### Task to carry out
Transcribe exactly the lines that fall between the one holding "#ValentinesDay #WeLoveOurResidents #LoveWhereYouLive" and the one holding "Students Denied Diplomas", inclusive, from the entries below.

### Supplied information
---+---
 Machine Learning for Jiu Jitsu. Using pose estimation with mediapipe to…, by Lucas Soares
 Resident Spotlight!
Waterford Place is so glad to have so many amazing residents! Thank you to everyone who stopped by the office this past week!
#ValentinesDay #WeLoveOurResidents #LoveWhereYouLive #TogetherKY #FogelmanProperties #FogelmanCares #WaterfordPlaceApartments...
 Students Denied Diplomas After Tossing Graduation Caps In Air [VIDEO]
---+---
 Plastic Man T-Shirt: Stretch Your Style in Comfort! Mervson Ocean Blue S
---+---
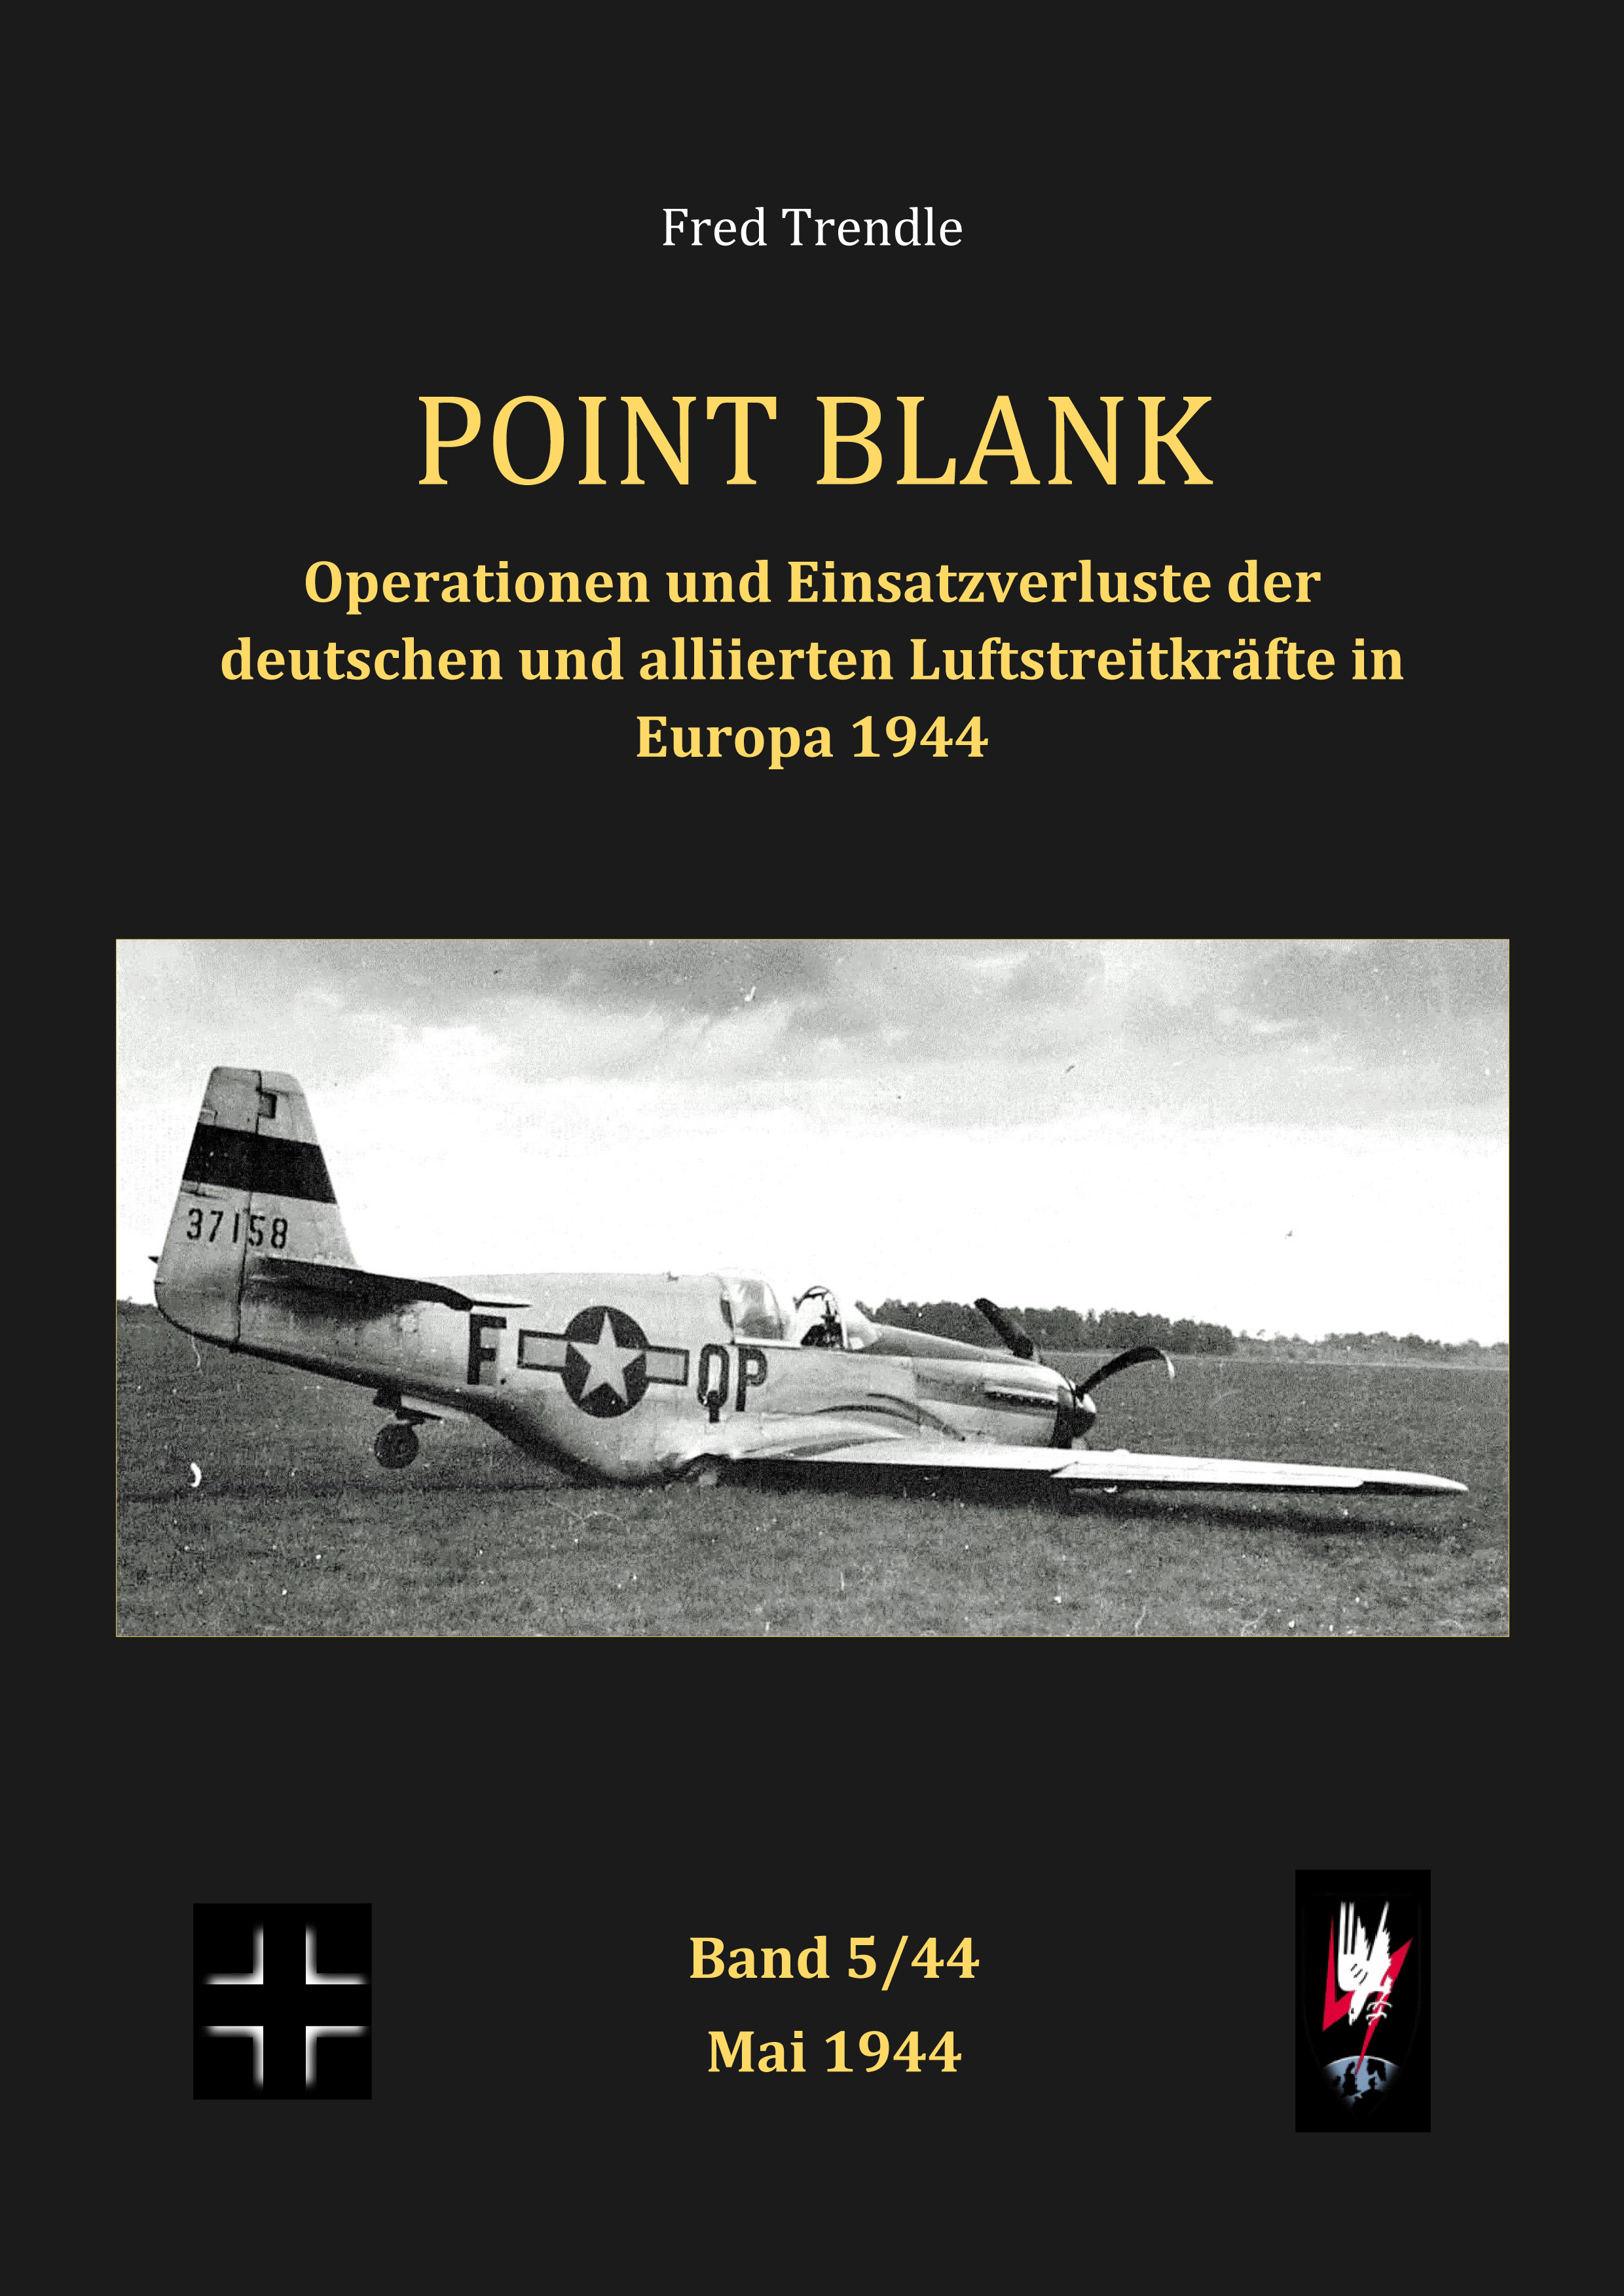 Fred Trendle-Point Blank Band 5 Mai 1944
---+---
### Expected answer
#ValentinesDay #WeLoveOurResidents #LoveWhereYouLive #TogetherKY #FogelmanProperties #FogelmanCares #WaterfordPlaceApartments...
 Students Denied Diplomas After Tossing Graduation Caps In Air [VIDEO]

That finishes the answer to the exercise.